Lead researcher Marcio L. Griebeler, MD, of the Division of Diabetes, Endocrinology, Metabolism, and Nutrition at the Mayo Clinic, and colleagues found that there were not enough head-to-head, unbiased, long-term trials to allow for sufficient comparison of different treatments.

The study included 65 randomized, controlled trials that involved 12,632 patients and 27 pharmacologic interventions. Approximately half of the studies had high or unclear risk of bias.

The researchers found greater pain reduction associated with serotonin-norepinephrine reuptake inhibitors (SNRIs) than anticonvulsants, and with tricyclic antidepressants (TCAs) than topical capsaicin. A meta-analysis showed that SNRIs, topical capsaicin, TCAs, and anticonvulsants performed better than placebo for short-term pain control.

The study was limited since most evidence came from indirect comparisons of trials with ≤ 3 months of follow-up and unclear or high risk of bias.

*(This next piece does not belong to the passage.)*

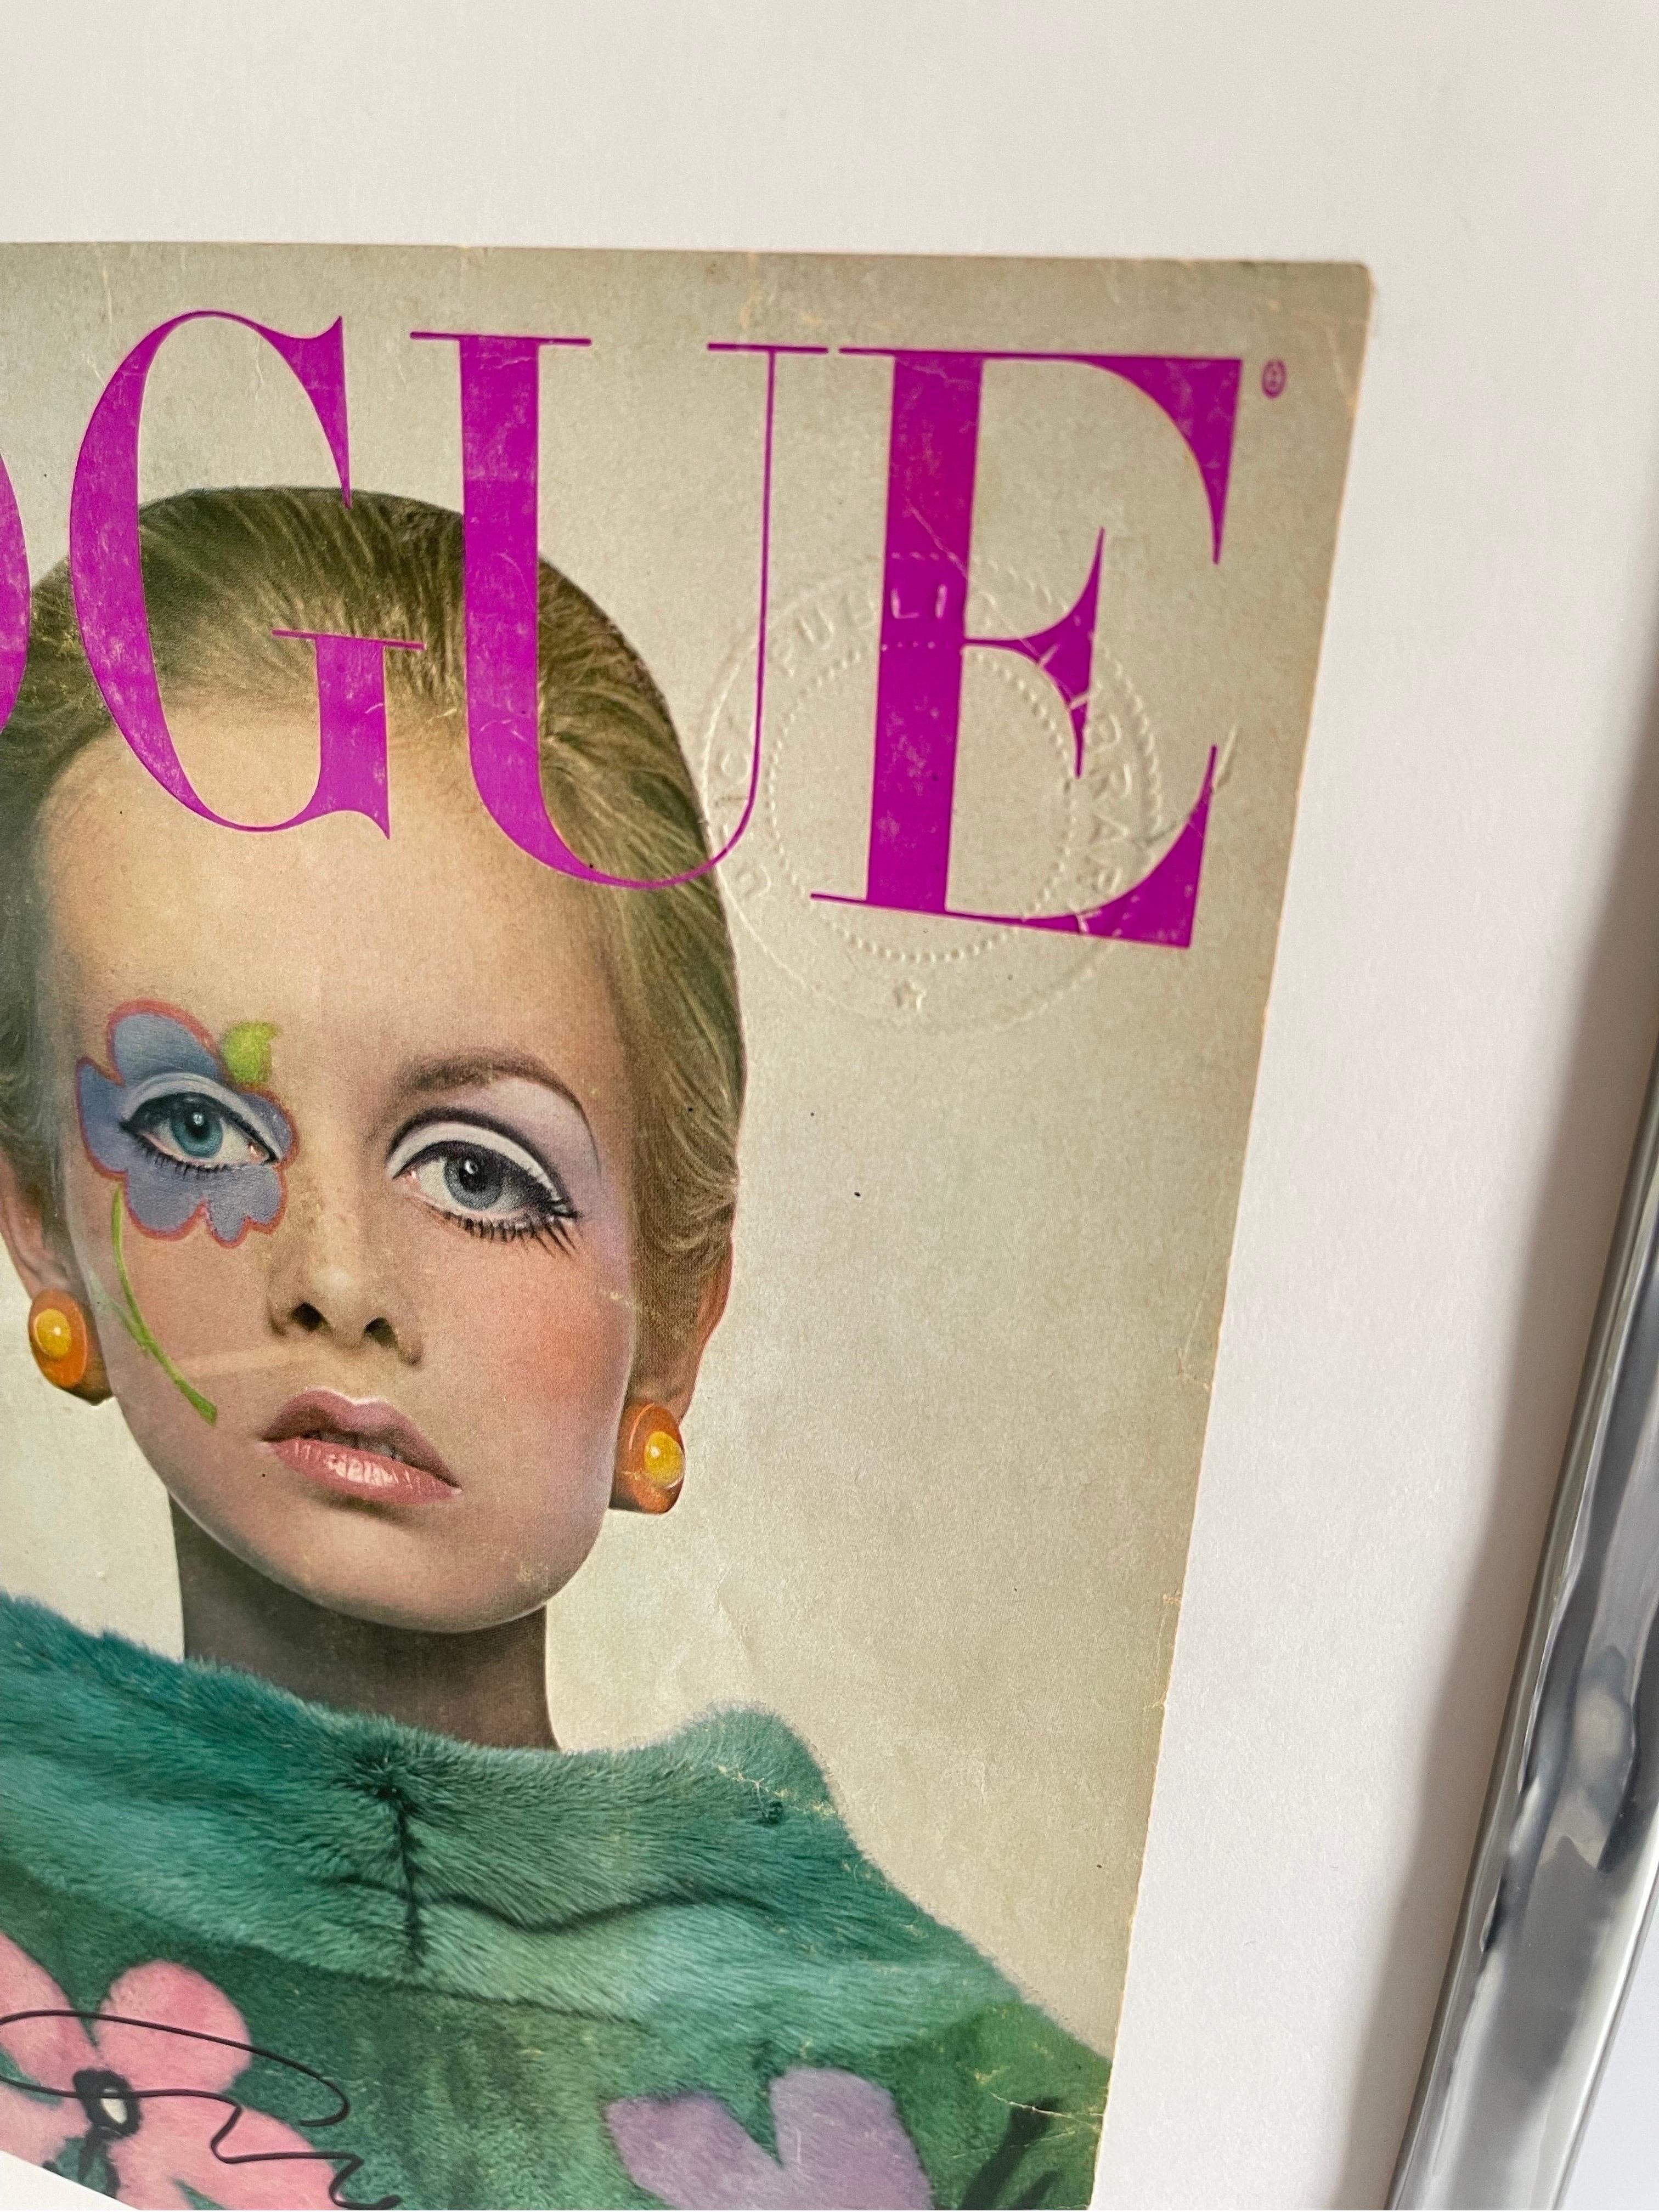 American Vogue July 1967 Twiggy Cover Signed by Richard Avedon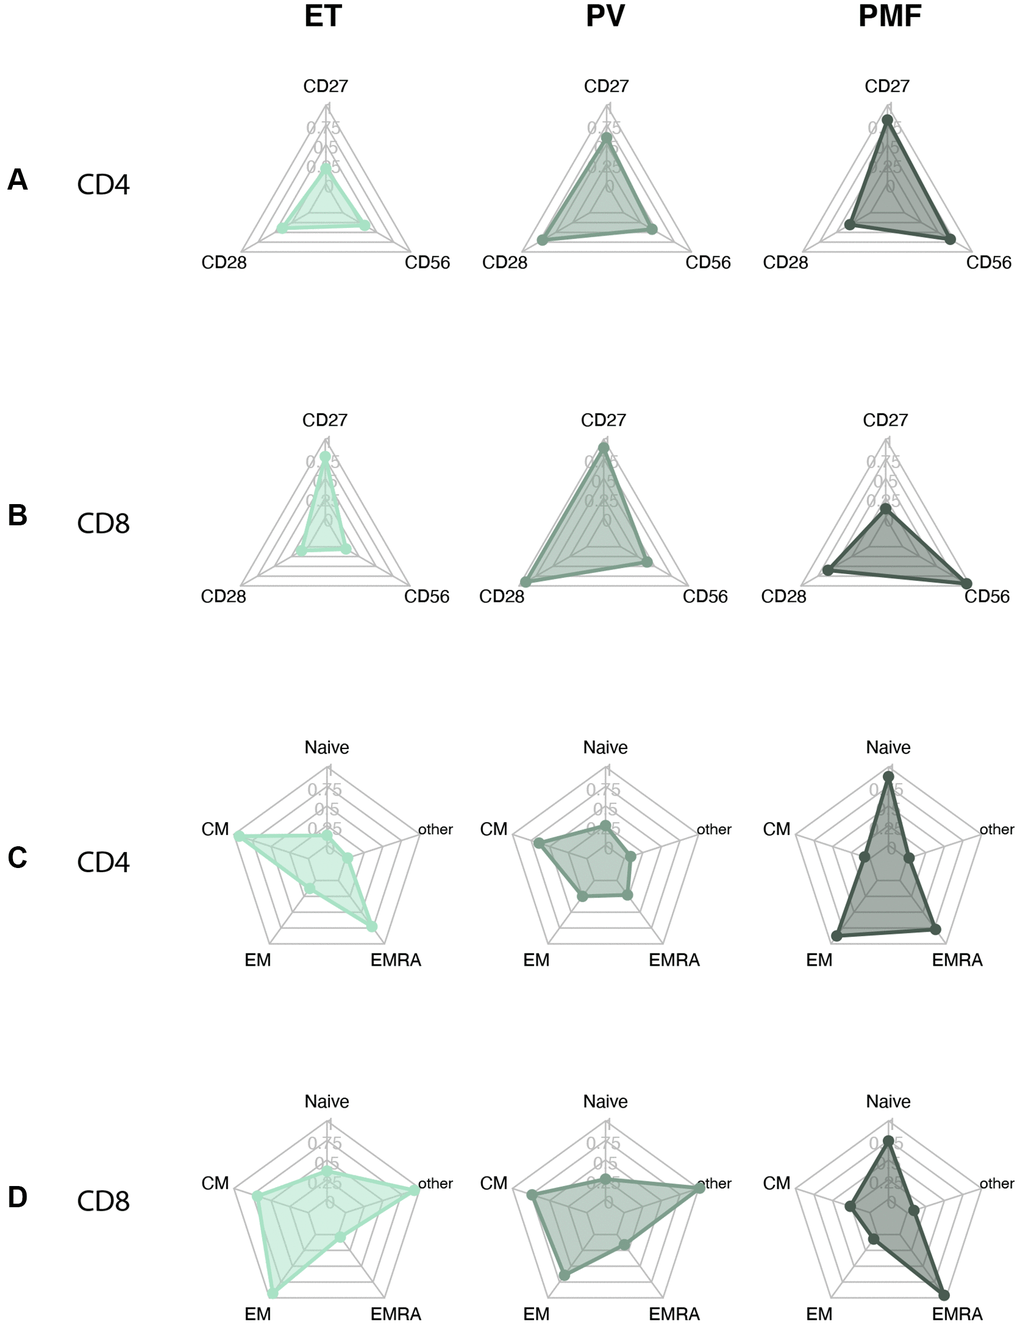 Radarplots MPN subtypes of (A) CD4+ T cell with loss of CD27 and CD28 and CD56 expression. (B) CD8+ T cell with loss of CD27 and CD28 and CD56 expression. (C) CD4+ T cell differentiation profile. (D) CD8+ T cell differentiation profile. A more senescent profile is characterized by loss of CD27 and CD28, more CD56, and more terminally differentiated cells (EM and EMRA). Abbreviations: ET: essential thrombocythemia; PV: polycythemia vera; PMF: primary myelofibrosis. Naïve: naïve T-cells; CM: central memory T cells; EM: effector memory T cells; EMRA: effector memory CD45Ra positive T cells; other: includes intermediate subsets of T cells not belonging to Naïve, CM, EM, or EMRA.

In a related commentary, Brian C. Callaghan, MD, MS, and Eva L. Feldman, MD, PhD, of the University of Michigan noted that only pregabalin (anticonvulsant) and duloxetine (SNRI) are currently approved by the FDA for the treatment of painful diabetic neuropathy, which may discourage clinicians from trying other classes of therapy. They noted that because the most effective treatment is currently unclear, patients and clinicians should consider costs, potential adverse effects, and comorbidities.

The researchers noted that more long-term, head-to-head studies should be undertaken to better determine the most effective treatment for painful diabetic peripheral neuropathy.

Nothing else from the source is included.